The New York Rangers have lost the cohesion that carried them to playoff victories over Los Angeles and St. Louis. The reason is obvious: the New York Islanders.
"They've frustrated us so much they've got us playing as individuals," Ranger captain Barry Beck said after the Islanders won Saturday night, 5-1, to gain a 3-0 lead in the best-of-seven Stanley Cup semifinal. "We're not playing as a team and we're making it tough on ourselves. We're trying but we're not accomplishing much.
"They're making us play that way. They're playing damn good hockey. We have to come back Tuesday and control the puck, get the feel of playing as a team. But they don't give you much. They're finishing their checks and they aren't making many mistakes."
If Beck seemed less than optimistic, it was with good reason. He is the heart of the Ranger team and he is hurting. In the third period Saturday, Beck tried to check Islander Wayne Merrick and lost his balance. He spun into the boards, lay on the ice for a few seconds and rose slowly.
Although he did not miss a shift, Beck had an Ace bandage wrapped around his midsection afterward and was in some pain.
"I just snapped my neck," Beck said. "Then when I got up my neck was all right, but I pulled something in my back. I'll be all right Tuesday."
Ranger Coach Craig Patrick refused to concede defeat, saying, "They've won three in a row and there's no reason why we can't win four in a row."
A Ranger fan sitting behind the press box, who had joined the Madison Square Garden majority in screaming obscenities at Islander captain Denis Potvin during the first two periods, probably had things in better perspective. "Well, four more periods and it's over," he said between periods with the Islanders leading, 4-0.
The Islanders declined to accept victory early and Potvin said, "the series isn't over. We should know that better than anyone. We're the team that came back from 3-0 (in games) twice. But if we get a performance Tuesday like we got tonight from 20 guys we'll win."
In 1975, the Islanders trailed Pittsburgh, 3-0, in the quarterfinals and won four straight. Then, in the semifinals, they were down, 3-0, to Philadelphia and won three in a row before falling in Game 7.
Ranger fans knew their heroes would need a lot of luck to topple the powerful Islanders, but they hoped at least to win a game or two in the Garden, where they had beaten the Islanders five straight times and had lost only once in their last 17 games.
Saturday the Rangers started out fast, outshooting the Islanders by 6-1 in the first seven minutes and killing off a penalty in the process. But, as so often has happened to the Washington Capitals, a Ranger power play took away the momentum.
With Clark Gillies off the holding, the Rangers' extra-man maneuvers were so inept and disorganized that they obviously deflated both Rangers and fans. Then Islander Bryan Trottier flattened Beck with a stunning check and the Islanders were in control.

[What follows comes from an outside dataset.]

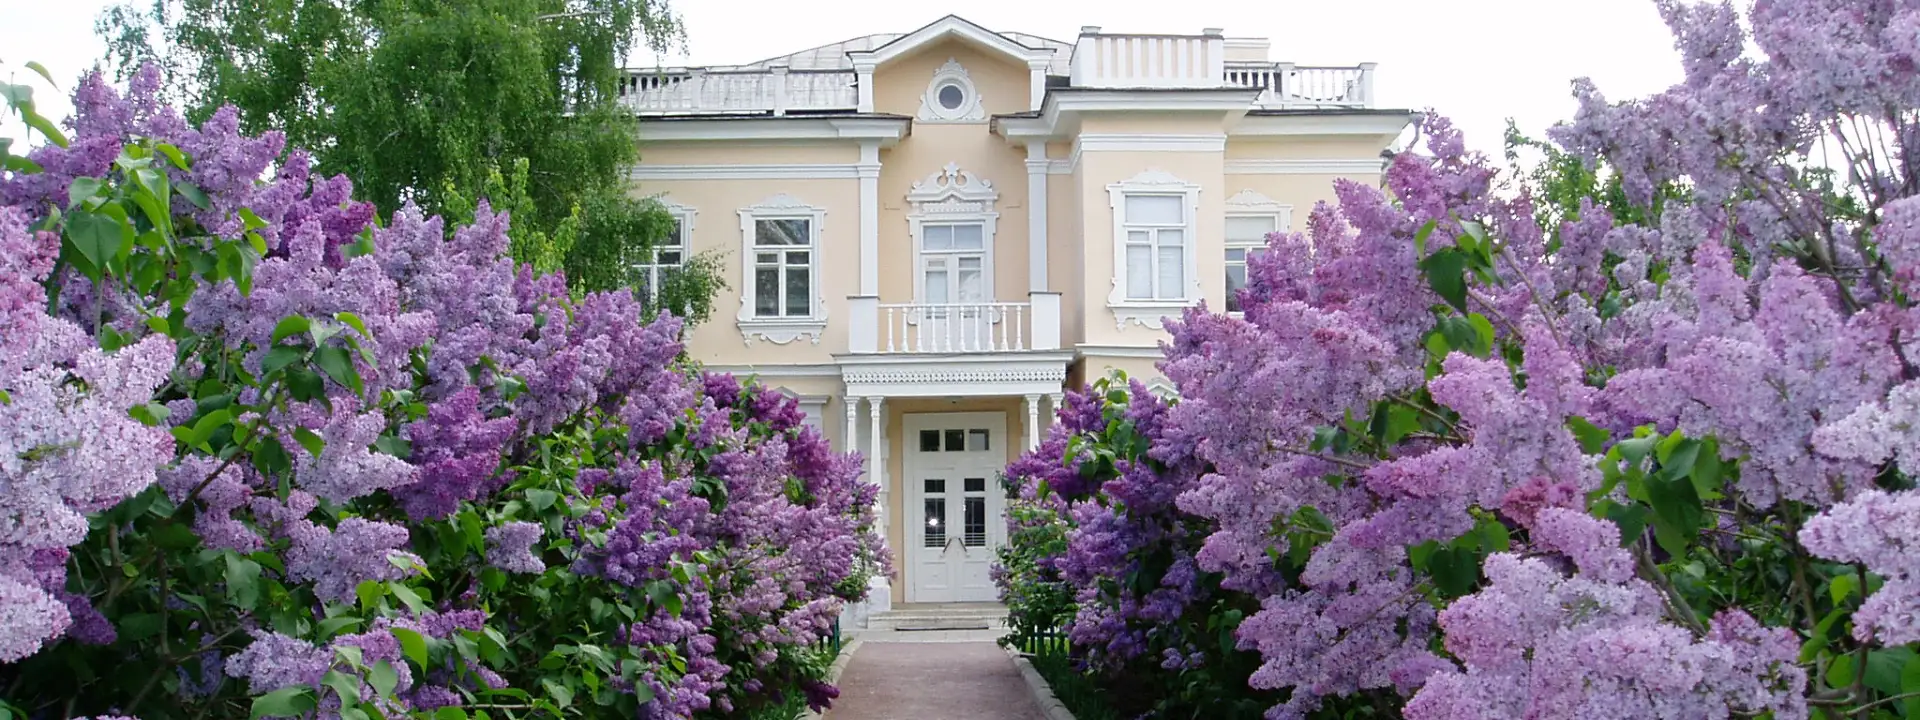 Государственный музей-заповедник М.А. Шолохова в станице Вешенской

Power-play goals by Mike Bossy and Bob Bourne gave the Islanders a 2-0 lead and the circumstances of Bossy's score were enough to unsettle Ranger optimists.
Bossy, cutting across the slot from the rightwing corner, tried to pass to Trottier near the left post. Ranger defenseman Carol Vadnais blocked the pass, but the puck caromed off his skate and slid inside the right post as goalie Steve Baker, moving to counter Trottier, could not get back.
Goals by Ken Morrow and Bob Nystrom made it 4-0, Nystrom hitting five seconds before the second period ended as Ranger Chris Kotsopoulos tried to pass around behind his net and the puck hit a protruding board, caroming out to Wayne Merrick, who fed Nystrom.
The Islanders' power play, No. 1 in the NHL during the regular season, is 24 for 61 in the playoffs, five for 17 in this series. The Rangers, 20th in that department during the year, are nine for 54. In this series, the Rangers are two for 15 and have yielded two short-handed goals.
The Rangers are at their best when they are hitting and some of their hitters are awkward, taking frequent penalties that have reached a club-record 392 minutes during these playoffs. With the Islanders' power play so potent, the Rangers have been forced to be more cautious and the results, so far at least, have been disastrous.